Дело в том, что кино позволяет обратить разрыв в единство и осуще­ствить, чрезвычайно оригинальным и чрезвычайно иконостатическим об­разом, визионерский проект искусства, дав ему собственное обоснование. Следует напомнить, однако, что по завершении этого визионерского проек­та кинематографическое искусство находит свою судьбу и призвание в осу­ществлении уже другого замысла — замысла исследования бессознательного.

Художественный опыт Ганса Рихтера демонстрирует связь между ме­тодическим обращением искусства к бессознательному, с одной стороны, и постижением ноуменов, с другой: «Обращаясь непосредственно к бес­сознательному, которое связано со случайным, мы попытались вернуть искусству, хотя бы частично, сопричастность ноуменальному, чьим истол­кователем оно с незапамятных времен служило, ту силу заклятия, которую в нашу эпоху всеобщего атеизма взыскуем мы как никогда прежде»4.

Сказать, что искусство может восстановить, хотя бы отчасти, сопри­частность ноуменальному, значит признать за ним способность выйти за пределы феноменального мира, мира явлений.

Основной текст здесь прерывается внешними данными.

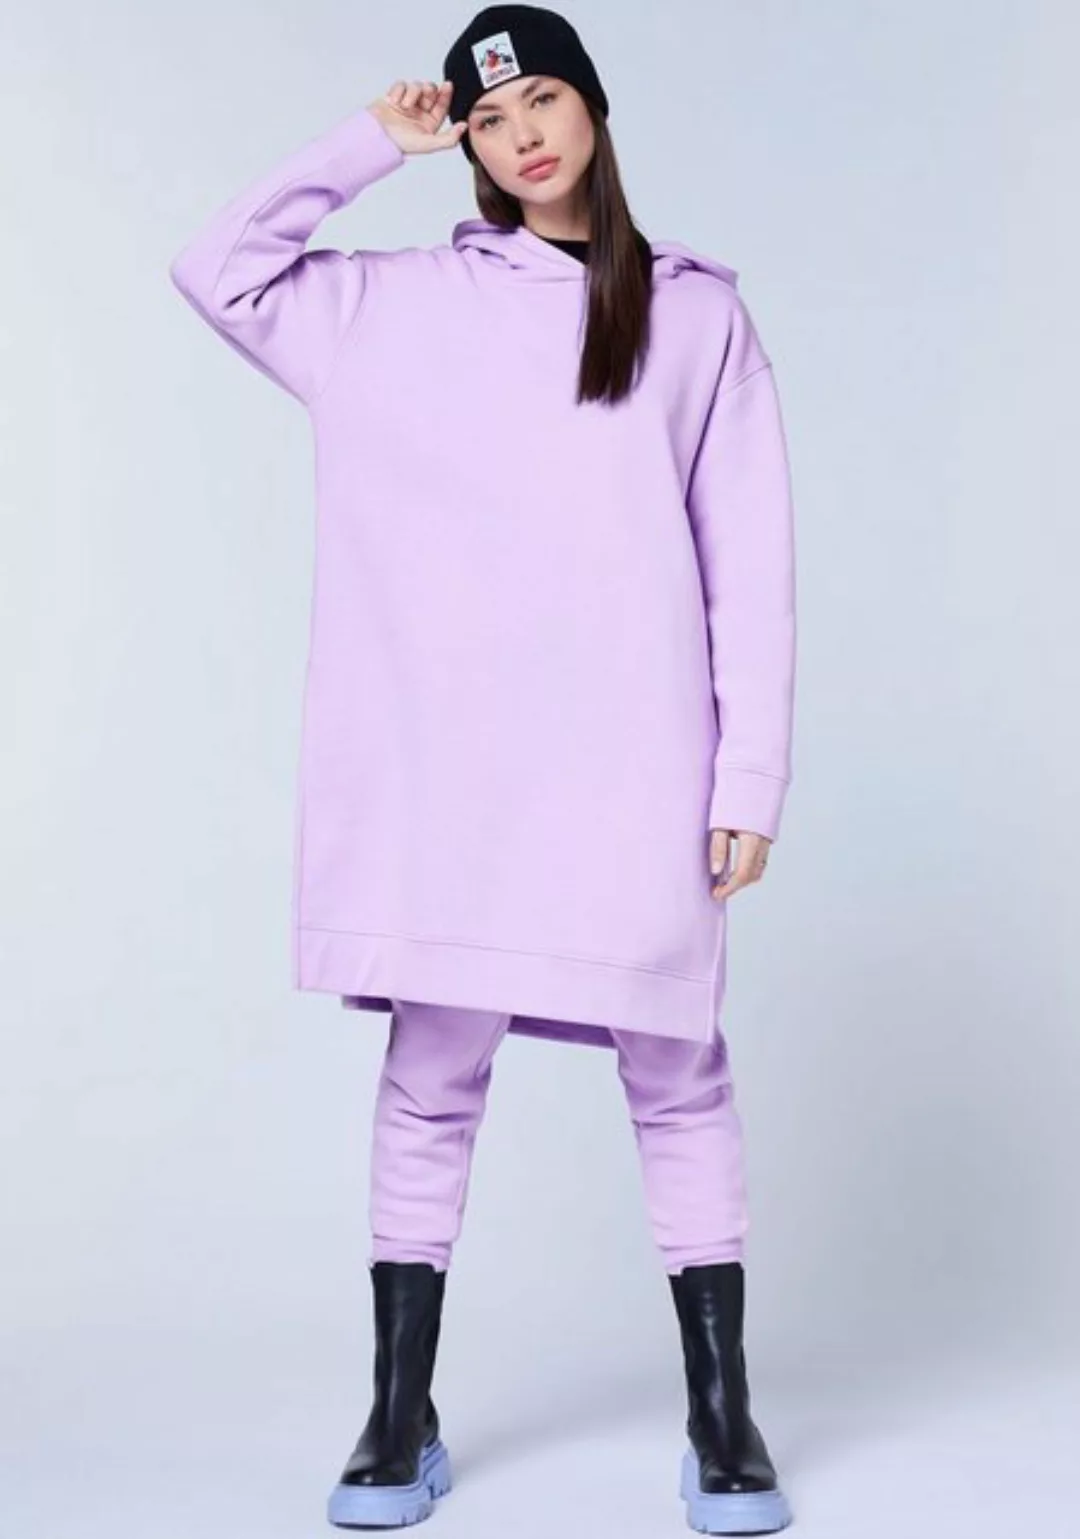 Chiemsee Sweatshirt PURPLE ROSE günstig online kaufen

Дада присоединяется к традиции мысли, которая видит роль искусства в обнаружении того, что взгляд, обращённый на внешнюю реальность, не замечает. Искусство спо­собно раскрыть и видимо удостоверить существование и функционирова­ние вселенной, расположенной по ту сторону акциденции. Эта традиция, живущая в китайской живописи, расцветает на западе в до-ренессансной образности и выступает вновь, радикально обновлённой и открытой со­временному миру, в проблемах, поставленных искусством Кандинского.

Отличие образа от речи состоит в способности его обнаружить нам ту сторону реальности, что выходит на поверхность, когда мы решаемся отрешить наше видение мира от причинных связей. Высшая функция об­раза как раз и заключается в этом перевороте, который он один позволяет нам осуществить, осмыслить и пережить. Это и есть опыт так называемого перехода.

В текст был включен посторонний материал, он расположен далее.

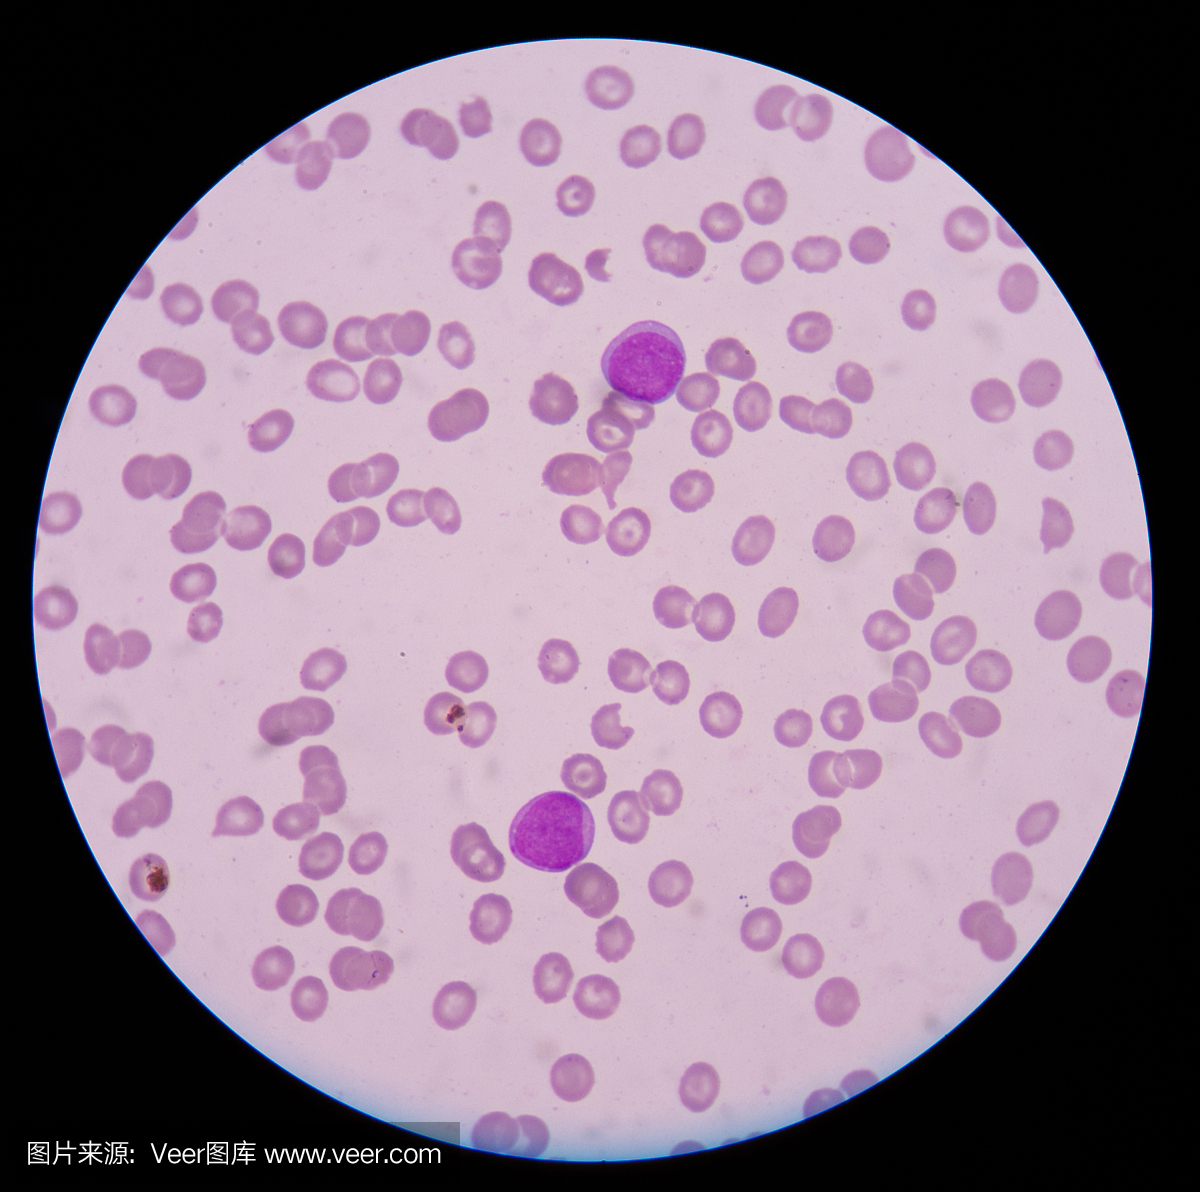 血液涂片显示急性成髓细胞白血病(AML)。

Совершая этот переход, мы покидаем мир логической причинности — мир, который представлялся таким надёжным и безопасным. Ведь в мире причинности рост знания обеспечивает мою власть над вещами. Покидая границы этого мира, мы пускаемся в опасное приключение. С другой сто­роны, мир этот представлялся мне совершенно избыточным — для худож­ника он скучен, как силлогизм. Мне нечему было в нём научиться, и расста­вание с ним сулит мне множество неизведанного. Я готов ко всему. Меня ждут удивительные открытия, которые несёт в себе исследование высшего, лежащего за пределами видимости, могущества образа.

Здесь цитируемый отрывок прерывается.